La parola dunque, il darsi della parola (testimonianza dell’esserci della relazione) mostra dall’interno (prima di ogni tensione semantica, prima di intenzionare questo o quel significato) la necessità di questo significato che è il nome dell’essere: lo mostra perché la parola è là, c’è, non si scappa. Anche se è una parola che dubita, come mostra Agostino, o una parola che cerca, come si è detto sopra, che non significa altro che sé in quanto cercante. E in questo senso si deve dire di essa che è l’inizio, ma non anche la fine. È l’inizio, infatti, nel senso che è l’inizio di ogni significato, di ogni nome. Ma non anche la fine perché, mostrando allo stesso tempo in sé (eccolo) il movimento del pensare, mostra anche la differenza all’interno della quale essa appare come ciò che non è uguale alla parola che è il nome dell’essere; essa pure, la parola-segno, ha vita di significato, ma non significa al modo in cui il nome di essere significa, al modo cioè di una coincidenza tra l’essere e il pensare.

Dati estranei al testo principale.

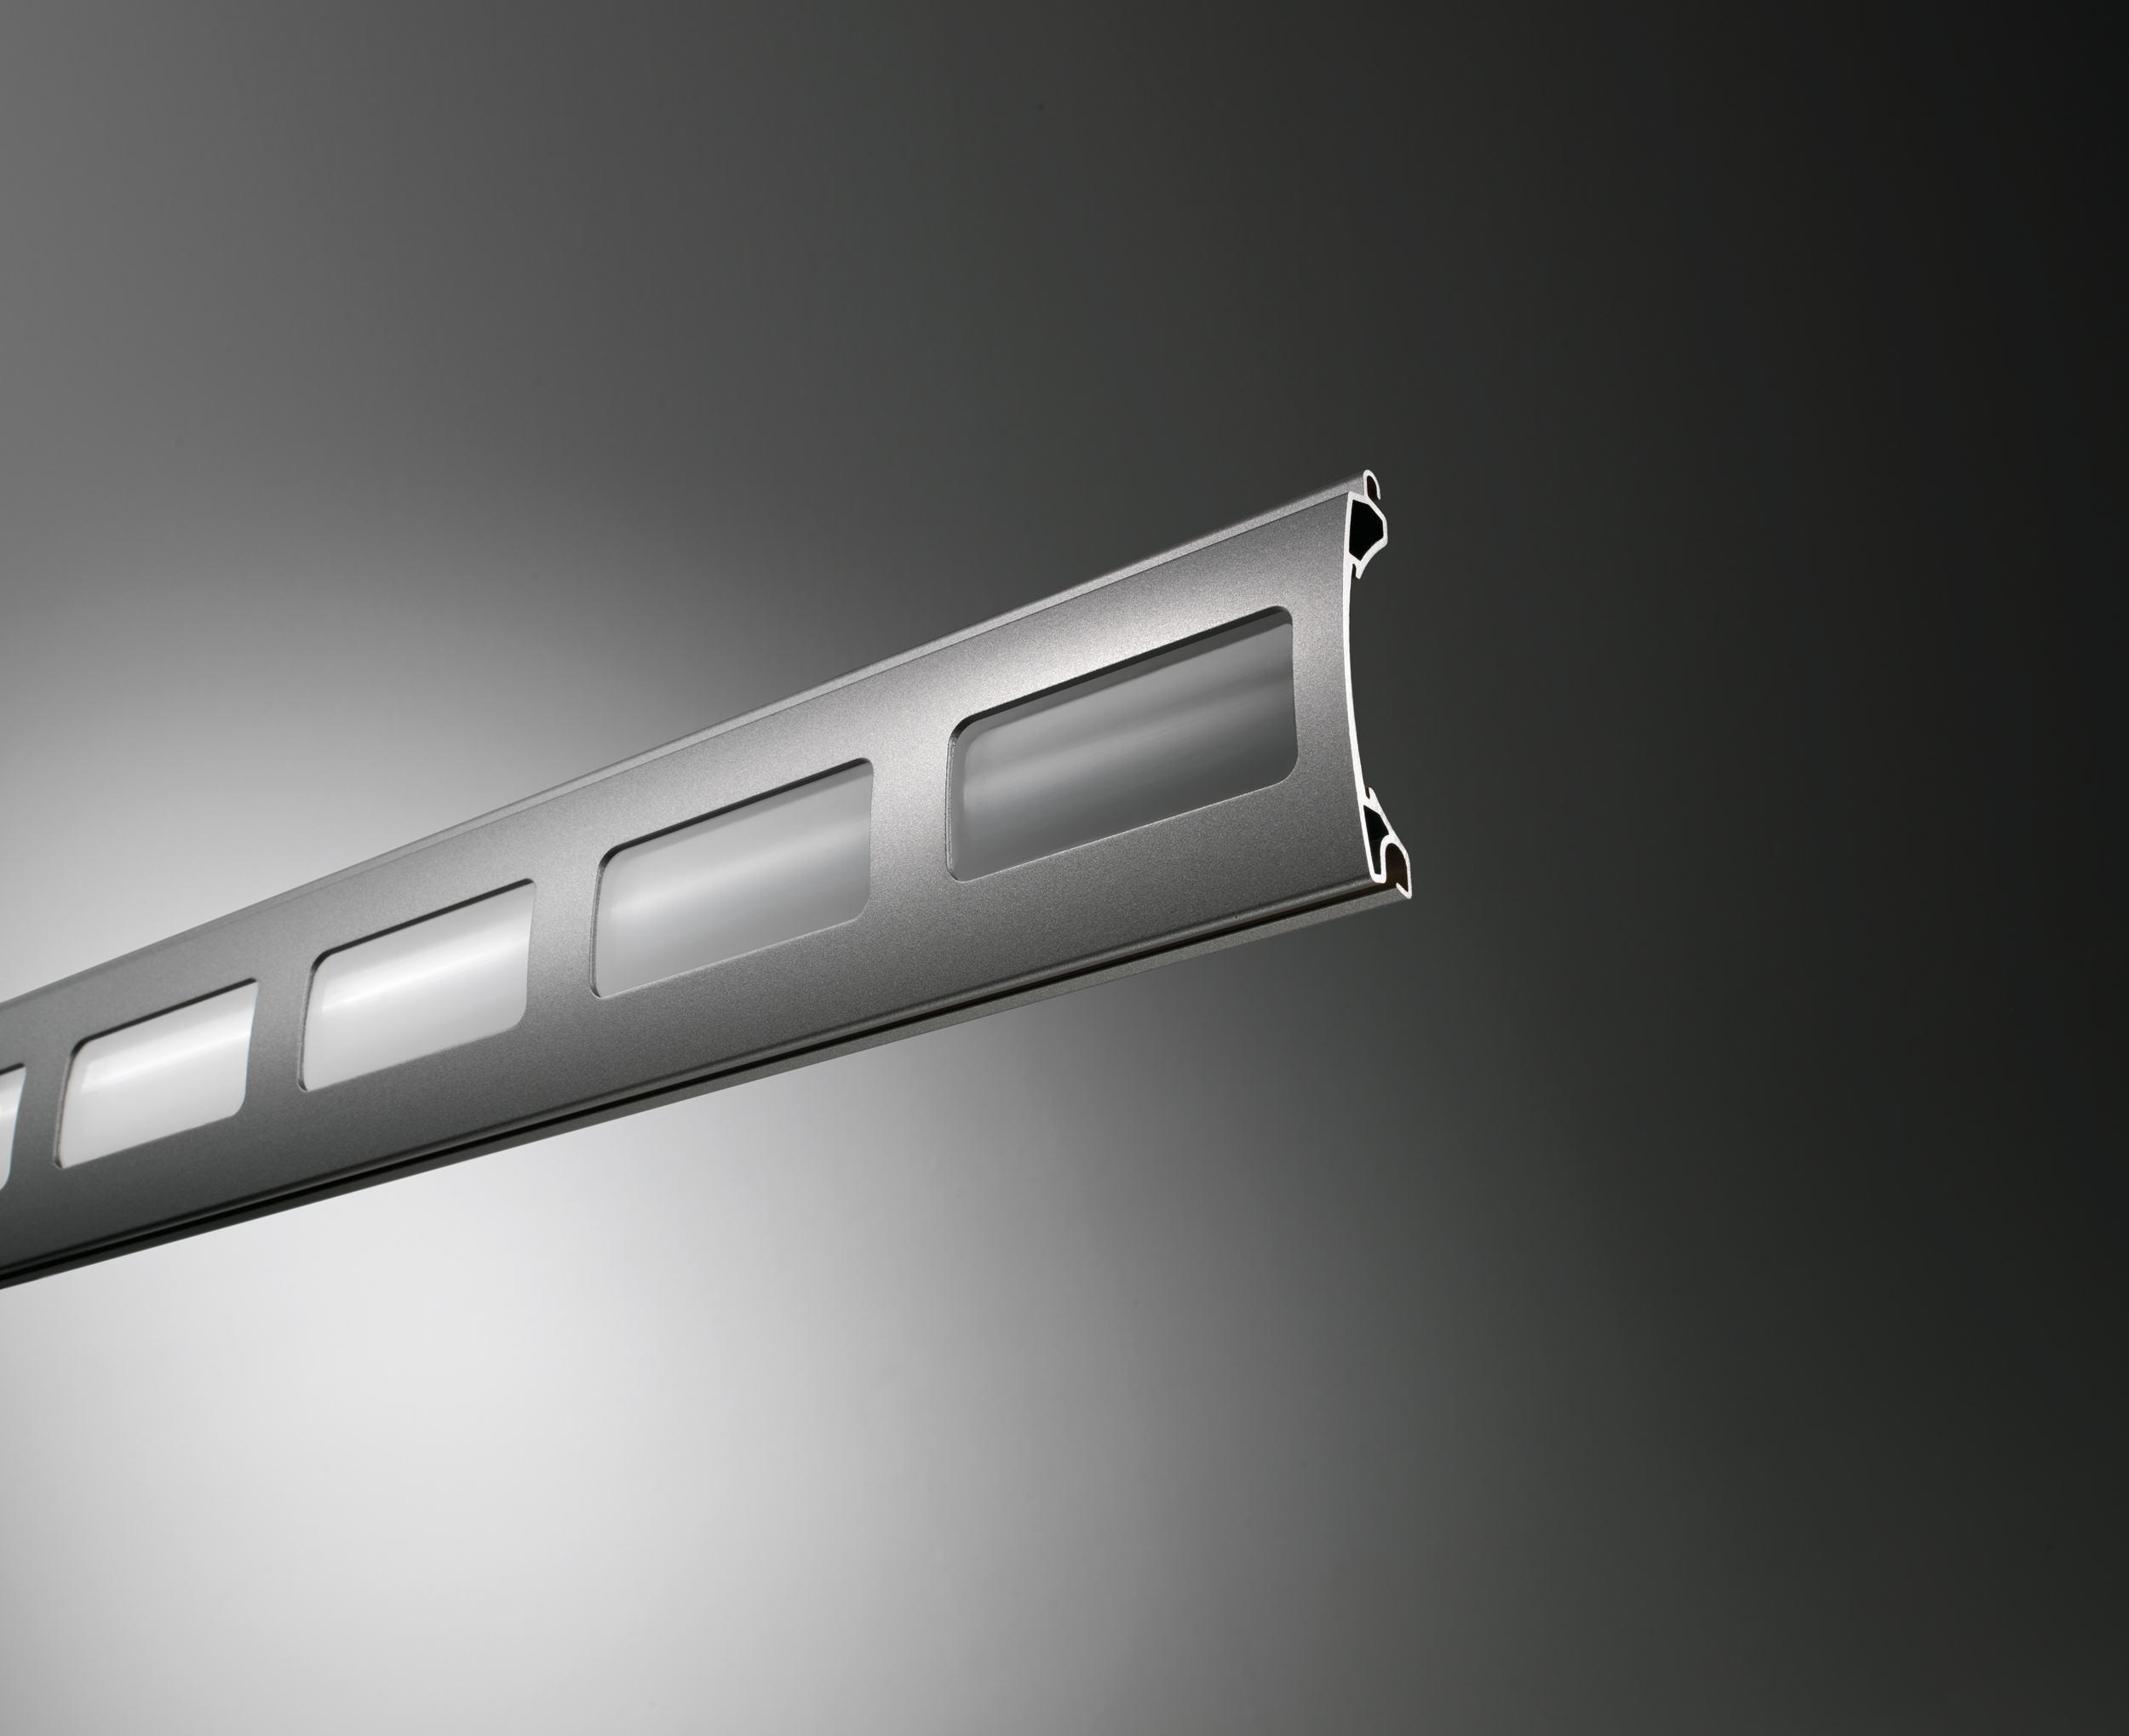 lichtfensterlamelle für Garagentore

Quindi, non solo la parola dice, indica la necessità di questo significato che è il nome dell’ essere, come si è detto. Ma il segno-parola, mostrando il movimento del significare, ovvero il nome dell’essere, si percepisce essa stessa come a sua volta significata, come cioè uno dei nomi dell’essere. Mostrando il significare, è immediatamente mostrata dal significare come un qualcosa, e precisamente come un qualcosa significato. Il segno-parola è uno dei nomi significati dall’esserci dell’essere.

La parola è l’inizio. La parola mostra il movimento del pensare (l’essere-relazione), e lo mostra in modo necessario, perché non ha scelta su questo significato. Non ha nemmeno scelta in relazione al modo in cui essa è conseguentemente mostrata una volta che (senza che ci sia processo temporale, ma logico) dice il nome dell’essere al modo della verità del pensiero. Infatti, è da esso immediatamente ricompresa e a sua volta significata. La parola si scopre così a sua volta uno dei nomi della verità.

Riprendendo l’immagine di quel segno che mostra il movimento del significare, si potrebbe dire che, dicendo “eccolo”, la parola apre al contempo il modo del pronome “tu”, perché è il destinatario ciò che fonda in ultima istanza la natura di segno (nel senso che è ciò che mostra al contempo sé e qualcos’altro alla mente). Scoprendosi come ciò che parla ad un tu, la parola si scopre come l’inizio della verità in riferimento all’uomo, ma come ciò che non è il principio. O meglio, come ciò che sa che in principio non è la parola dell’uomo.

Il principio, nella parola, e come parola, è mostrato in modo tale che la parola non può più fare marcia indietro rispetto a ciò che ha visto. Essa è chiamata d’ora in avanti a sapere cosa significhi il suo abitare come segno della relazione; è chiamata a cercare di capire meglio il nome dell’essere come significato di verità. E soprattutto è chiamata a significare la verità anche nel modo per cui essa è libera, nel modo secondo cui essa è intenzionalità, relazione ai significati altri da sé. È chiamata a significare, cioè, come volontà (del voler dire) quello che come verità di segno testimonia in modo necessario.